**Work task**
Skip the pictures. Output only the lines below starting at the line with "Volcan de Pachapupum" and ending at the line with "BBAlISDAIRMA (1999), Operational", both ends included, exactly as they are.

**Extracted entries**
━━━━━━━━━━━━━━━━━━━━━━━━━━━━━━
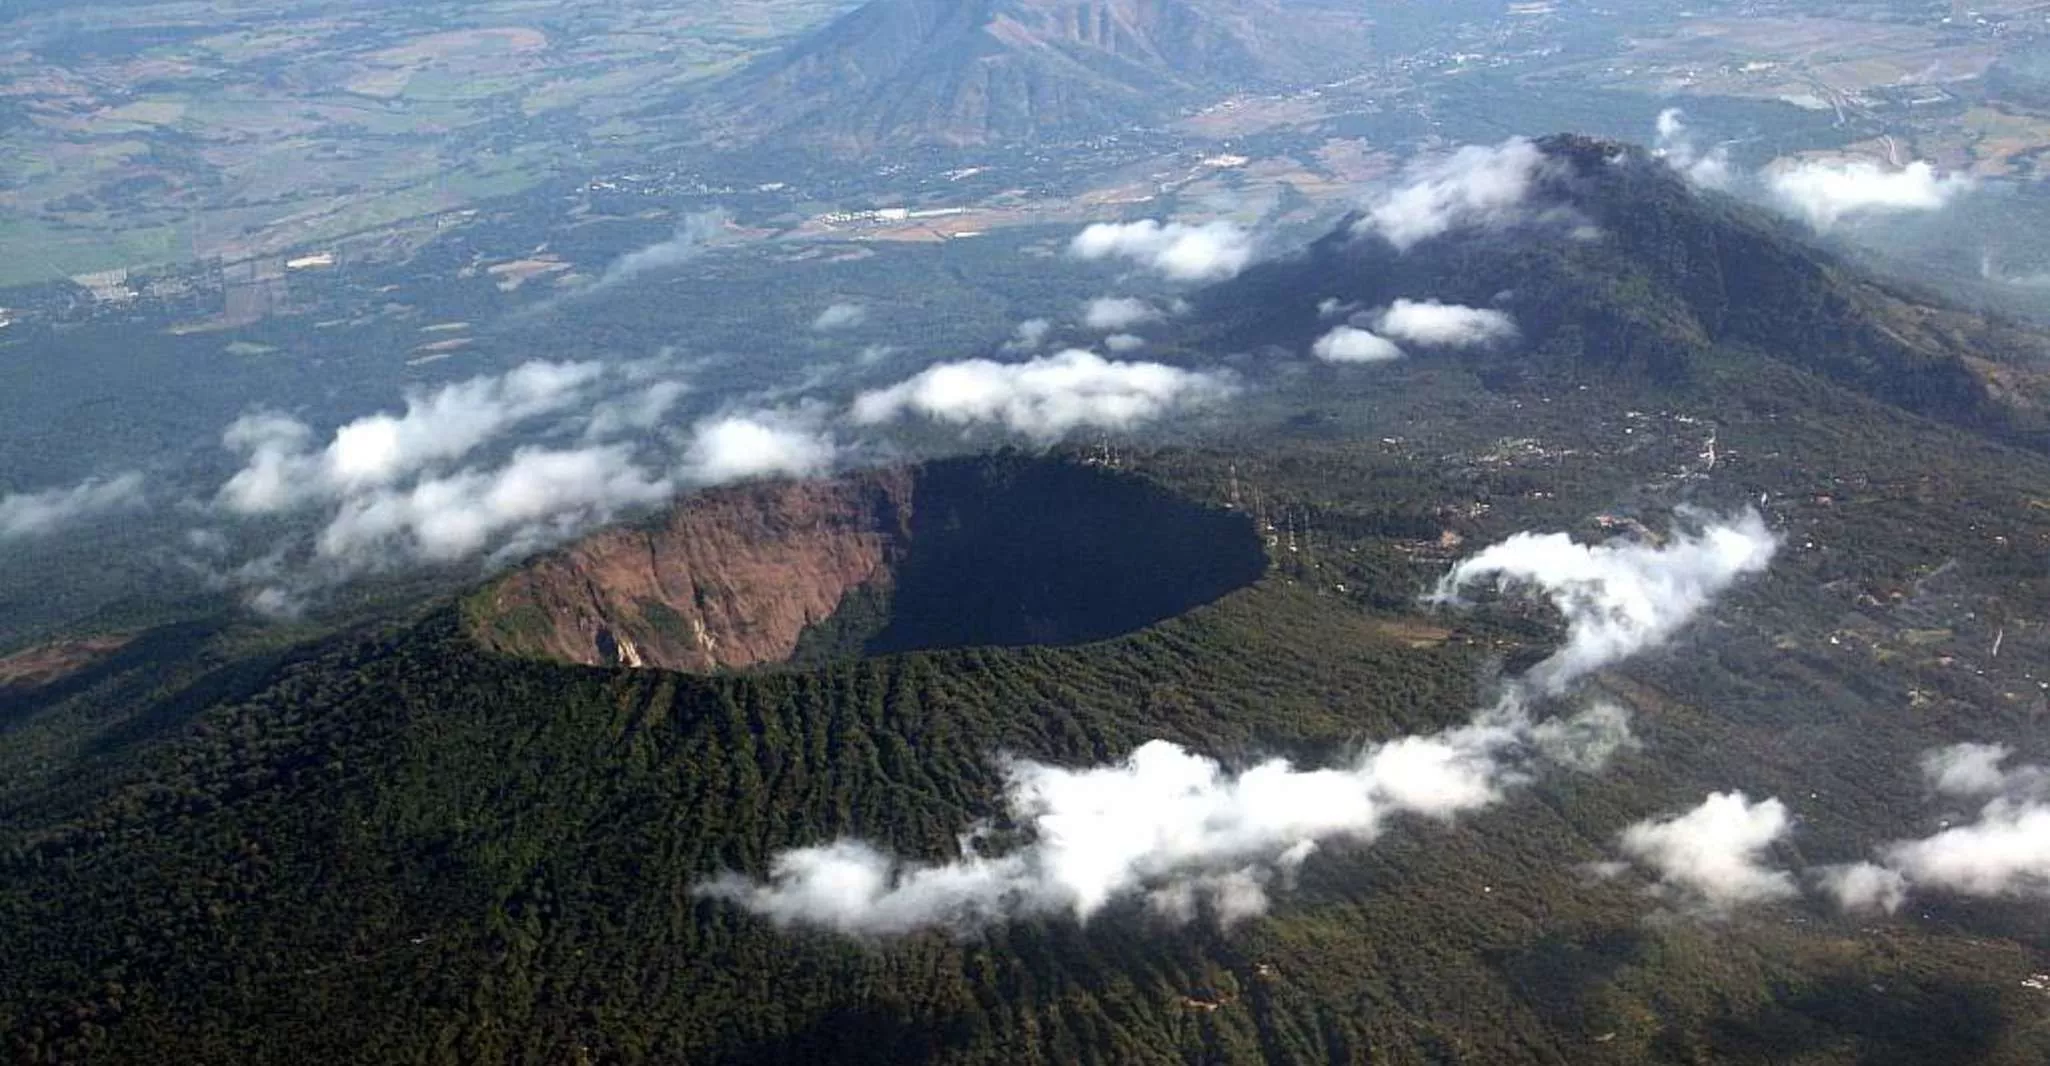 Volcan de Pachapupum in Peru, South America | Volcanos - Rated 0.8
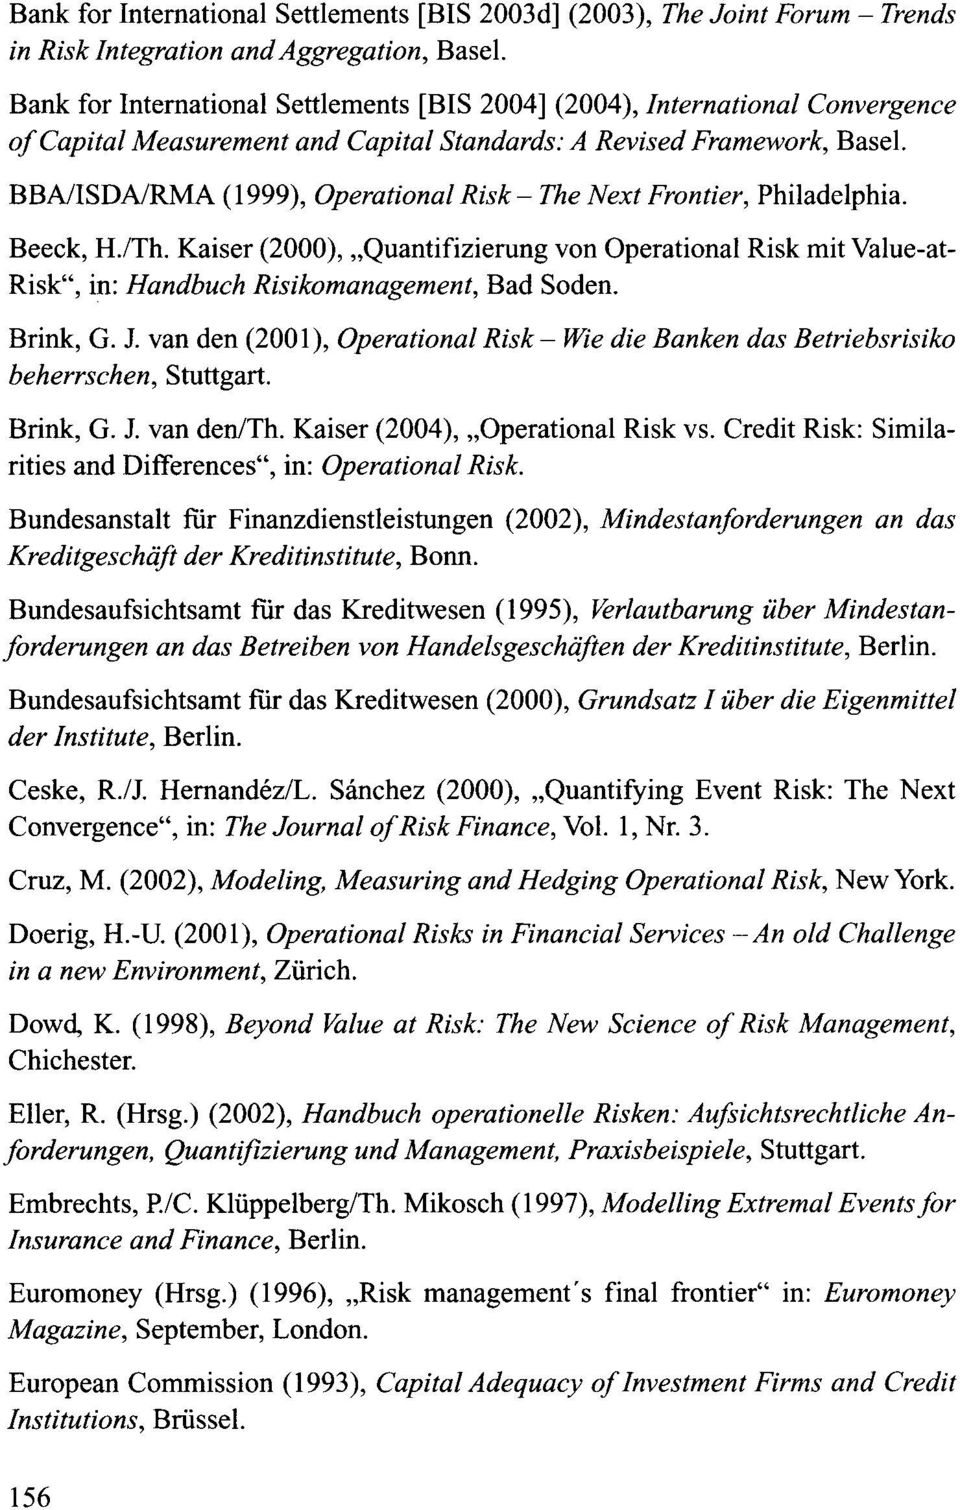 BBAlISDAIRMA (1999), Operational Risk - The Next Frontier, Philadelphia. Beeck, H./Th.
━━━━━━━━━━━━━━━━━━━━━━━━━━━━━━
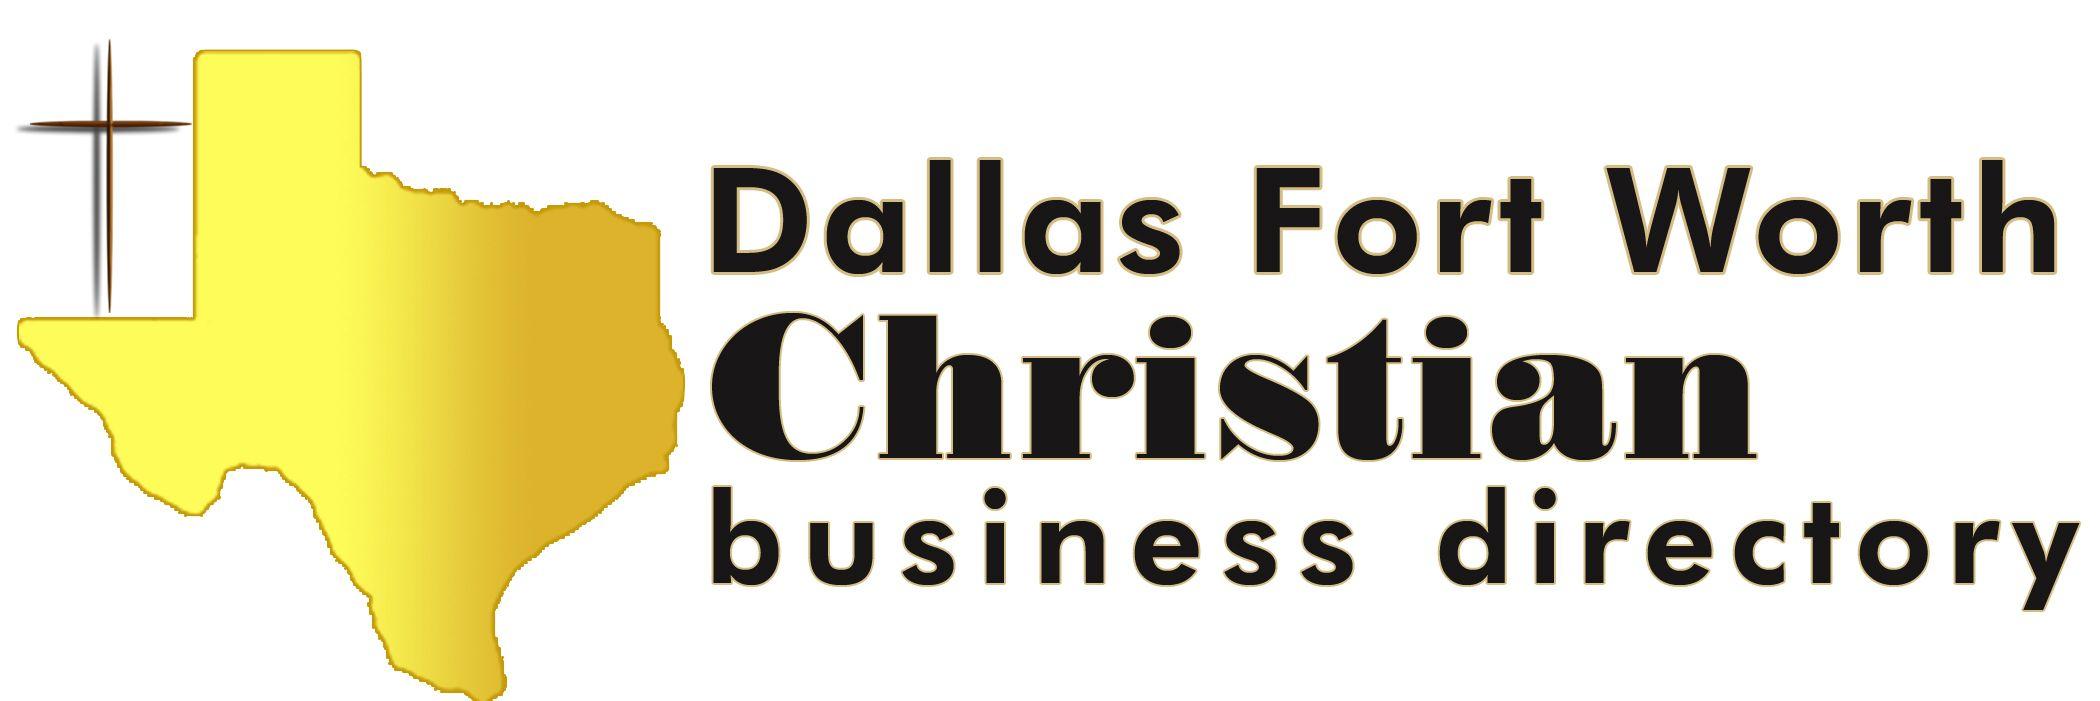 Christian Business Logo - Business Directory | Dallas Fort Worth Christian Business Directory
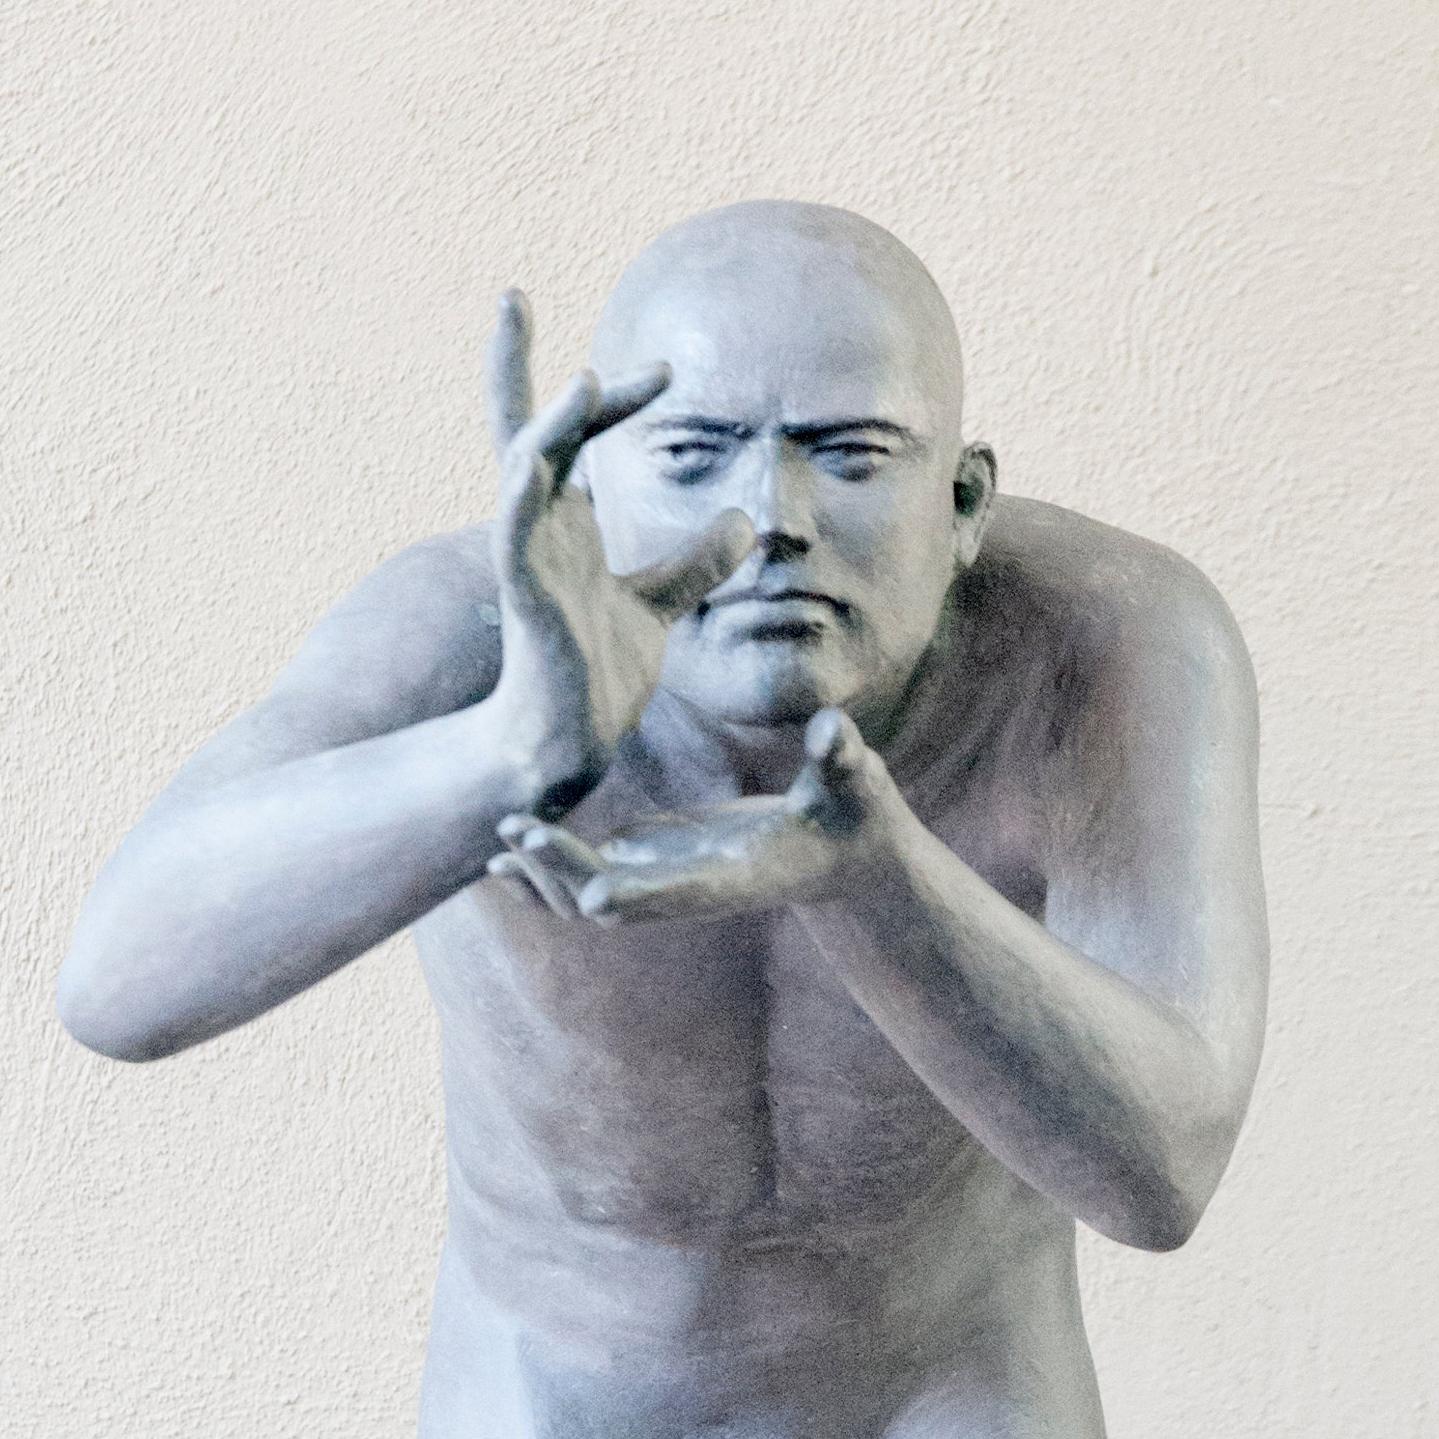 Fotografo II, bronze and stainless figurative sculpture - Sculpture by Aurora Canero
━━━━━━━━━━━━━━━━━━━━━━━━━━━━━━
**Solution to this problem**
 Volcan de Pachapupum in Peru, South America | Volcanos - Rated 0.8
 BBAlISDAIRMA (1999), Operational Risk - The Next Frontier, Philadelphia. Beeck, H./Th.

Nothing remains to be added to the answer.